Ari tells Eric that Scott Wick is his best friend, idiot, and "Who's Scott Wick, asshole?" and he's the producer of the movie, you dumb fuck, and this should be pretty easy, don't you think, douchebag? and, "No, Eric, because what you don't know you little garlic-knot making motherfucker is that Wick hates Vince." See: they say a sentence? And then append an insult. Screenwriting is so fun and easy and you can do it in your own home. The energy here, though, is all escalating and awesome and it's great so I don't mind. Ari is all, I hope you enjoy breaking that to him, and Eric smiles and calls across the restaurant to Vince, "Hey Vince, the producer of the movie thinks you suck." And Vince grins and goes back to taking pictures with the little girls and it's hilarious.
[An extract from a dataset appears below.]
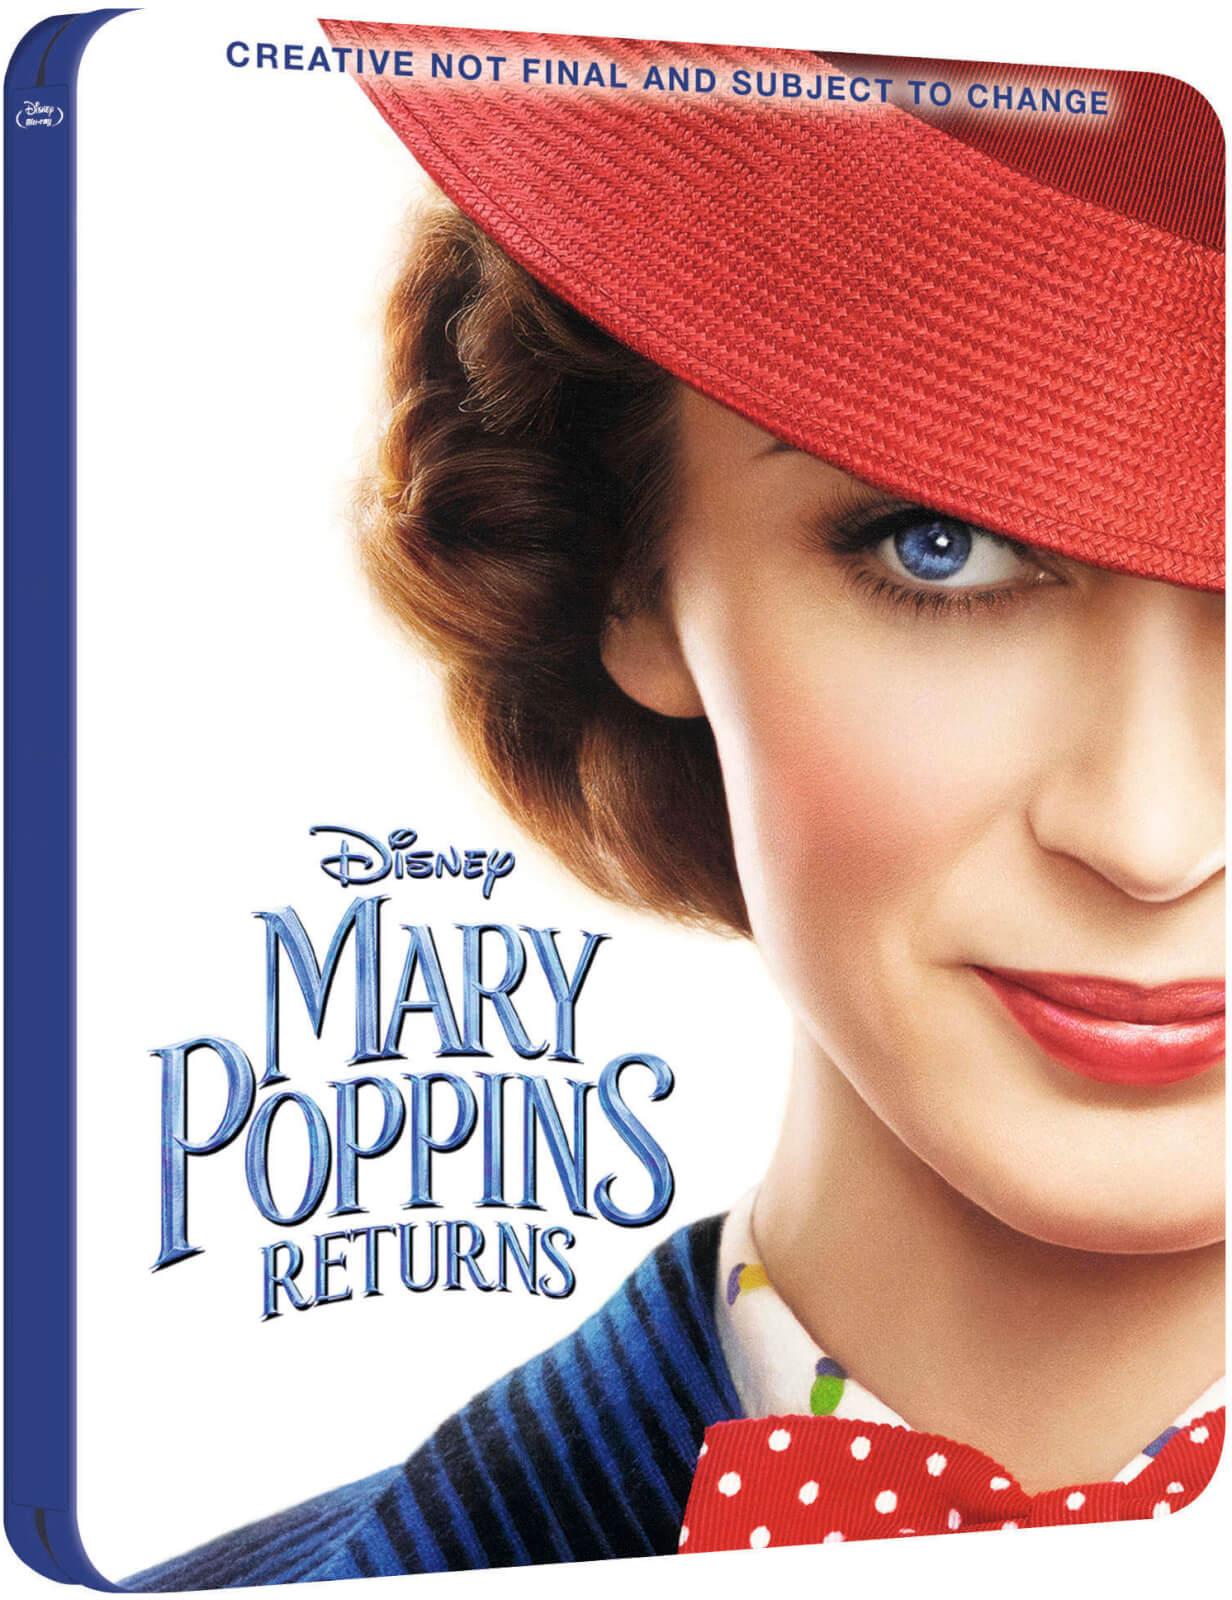 Mary Poppins Returns SteelBook UK temp art

Turtle and Drama were tied to a bike rack or something outside, or whatever, it's weird, and Fiona asks if she can hang out with them outside on the street while the actual people have a meeting inside. So fucking sad. Drama and Fiona are awesome as he offers her vegan self a bite of his street-vendor burger and even though it's rude they both know it's funny and she smiles at him endearingly. It's good. Turtle is on the phone arguing about something he already knows is true, the fact that we're all going to pretend that THERE'S NO POT ON THE ENTIRE WEST COAST. And it's funny because people keep saying this so unbelievingly no matter how many times it's explained, because it's just that unbelievable, that even the show doesn't believe it. Now that is a bad script. (Parenthetically speaking, I'm going to feel like a total tard when I find out that this actually happened two years ago and Shannen Doherty put her face through a concrete restaurant as a result.) Invisible Black Hack Tino is sending a recon team up to Humboldt County -- which is I guess in space now? Because there's NO POT ON THE WEST COAST is what I heard. Fiona tells the boys she's "got a sherpa" that grows all-natural marijuana with no herbicides or pesticides, blah blah blah. I love it when people say that, like how American Spirits will totally give you cancer because they're totally carcinogenic but there's less tar. As a smoker? I am not looking for the health benefits of cigarettes. I just want to look cool and smell great and have fun with the group indoors at restaurants and New York City bars. Drama's all, "Yeah, like we're going all the way to Everest to score weed from your sherpa." Wait, isn't Mount Everest on the West Coast? I heard there was NO POT. "Come on, guys, he doesn't live in Everest anymore," my italics again, and again, it's adorable but why talk about it? "He lives in Bel Air." Turtle takes this in and then says, "What the fuck's a sherpa?"
A goat? Is a sherpa a goat? Watch Zoolander, you classless piece of trash. We pull up to this huge folly of a house and there are goats in the yard. Goats! Always funny! Eyeballs sideways! Pot is so funny! And goats! "Even the carpet's made of hemp, it's cool," says Fiona. I like that she has a personality, even though I would fucking hate this girl in real life. But it's really a huge step, for this show, to have this girl with an independent existence of any kind whatsoever. I'm starting to like her and I'm not sure it's just on principle. The actor is a cutie too, she's funny. She has good comedic timing, especially with the bad dialogue she has to navigate. They all go into this huge weed garden with big bootie hos growing weed like some weird episode of Star Trek. Up walks fucking Val Kilmer, who you would find hard to recognize at first. I still wish this were David Duchovny because he's likeable. Val's got a lot of hair happening, like a big old hippie bullshit sherpa, and he hugs and oozes all over Fiona and calls her some bullshit "channeled name" and I pray to God and little tiny elves that this is not the rest of this episode with pot humor and funny high people and Val Kilmer, who I kind of hate anyway, with the elbow and the teeth and the sleaze, but I already have this feeling it is going to be. I don't judge, but I know that when you're not high, nothing about high people is funny. To me, anyway. Val calls Fiona an ancient wisdom giver and then sniffs her ancient armpit giver and then recognizes Drama as an ancient Viking Quest giver and Drama has to tell him it got cancelled seven years ago and then I think Dillon's trying to be "sad" but it looks like he's about to kiss Val Kilmer. Gay bomb, I'm telling you. It's a scorcher! Val's bummed out by this news, but I'm just happy for the VQ shout-out. He's got a lot of tics, Val Kilmer. Acting-wise, I mean. Turtle and Drama snap off a few leaves of pot and put them in their pockets.